Return to the beginning.
That was all.
No details.
Just a direction.
Riya opened his eyes. "We're going back to the church.
Muramasa arched an eyebrow. "Why?"
"Because something started there," Riya said, standing slowly.
"And if we want to understand this mess, we need to go back to the beginning."
Far from Sighisoara, deep within the Black Faction's fortress, a quiet miracle unfolded.
A lone homunculus awoke, coughing fluid and gasping for breath in the shattered remains of his growth capsule.
Around him, dozens of others lay dead — never fully formed, or broken apart by magic surges.
But he had survived.
Driven by fear, confusion, and the instinct to live, he stumbled out into the cold, sterile corridors of the castle.
He didn't make it far before collapsing again — but fate had other plans.
Astolfo, Rider of Black, was the first to find him.
His colorful armor glinted in the torchlight, and his eyes widened with a mixture of curiosity and concern.
"Hey there, little guy," he said, kneeling.
"You okay? You look like a newborn deer."
The homunculus tried to speak, but could only groan.
Astolfo gently lifted him and carried him through the halls, until they met Chiron.
The Archer of Black said nothing for a long moment as he observed the shivering figure.
Then he summoned a blanket and medicine, treating the homunculus's minor wounds with quiet efficiency.
"You were not meant to live more than a few years," Chiron explained calmly. "Your life expectancy, by design, is no more than three."
The homunculus looked stricken.
But then, something fierce sparked behind his wide, uncertain eyes.
"Even if that's true… I want to live," he said.
Astolfo smiled. "That's the spirit."
But fate had little time for dreams.
Before long, Celenike found them.
The raven-haired Master of Astolfo stared at the scene with delight.
Her voice slithered across the room like a blade coated in honey.

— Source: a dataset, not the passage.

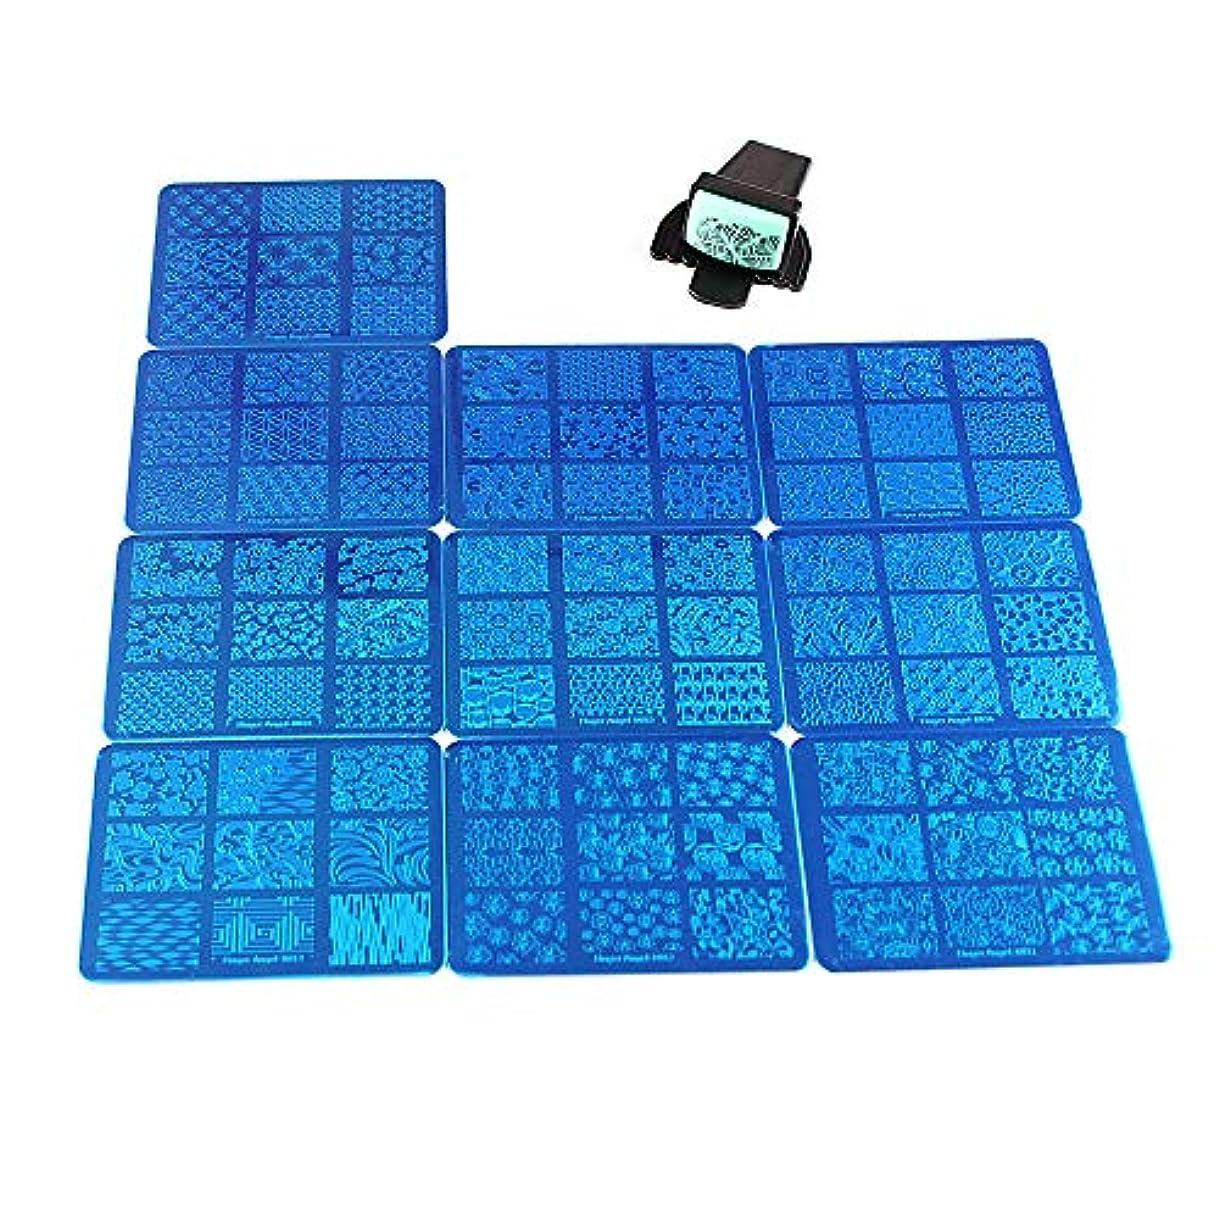 生活分類する緩やかなFingerAngel 10枚 ネイルイメージプレートセット ネイルプレート 長方形 花 フルカバー ネイルスタンププレート スタンプ スクレーパー(B11-20)

"My, my… what's this? A traitor with a pet?" she cooed.
Neither Chiron nor Astolfo answered.
Celenike stepped closer, her Command Seals already glowing faintly.
"I should report this to Lord Darnic."
"But I won't."
"Not if you two agree to entertain me instead."
Her meaning was clear.
Disgustingly so.
Astolfo stiffened.
The homunculus blinked, confused… but desperate.
"I'll do it," the homunculus said quickly.
"Please… I just want to live."
Later that night, chains clinked in candlelight.
The room stank of perfume and dread.
Celenike grinned like a devil.
The two captives endured it — for freedom, for survival.
The cost of life was high.
Back in Sighisoara, Riya and Muramasa followed the Revelation's call through the fog-laced streets.
The town felt colder than before.
Harsher.
When they reached the church, what they found chilled them further.
The building had been obliterated.
Burned timbers and shattered stone littered the foundation.
Ash clung to the broken pews.
The holy air that once surrounded it had been scorched clean.
Muramasa bent down, examining the floor.
"No ordinary explosion did this."
"This was targeted magic — destruction meant to silence."
Riya nodded, eyes scanning the ruin.
"Shirou," he muttered. "This was him."
The priest had been too calm.
Too coordinated.
Riya had dismissed him as a sideshow, a background player.
He was wrong.
The real enemy… might not be the Black Faction.
It might be hiding in plain sight.
Riya stood amidst the ruins, staring into the dying embers of a place that once symbolized truth.
And he realized: the war wasn't just about survival anymore.
It was about unmasking the lies beneath it all.
And maybe — just maybe — breaking the chains that bound not just him, but everyone caught in this twisted game.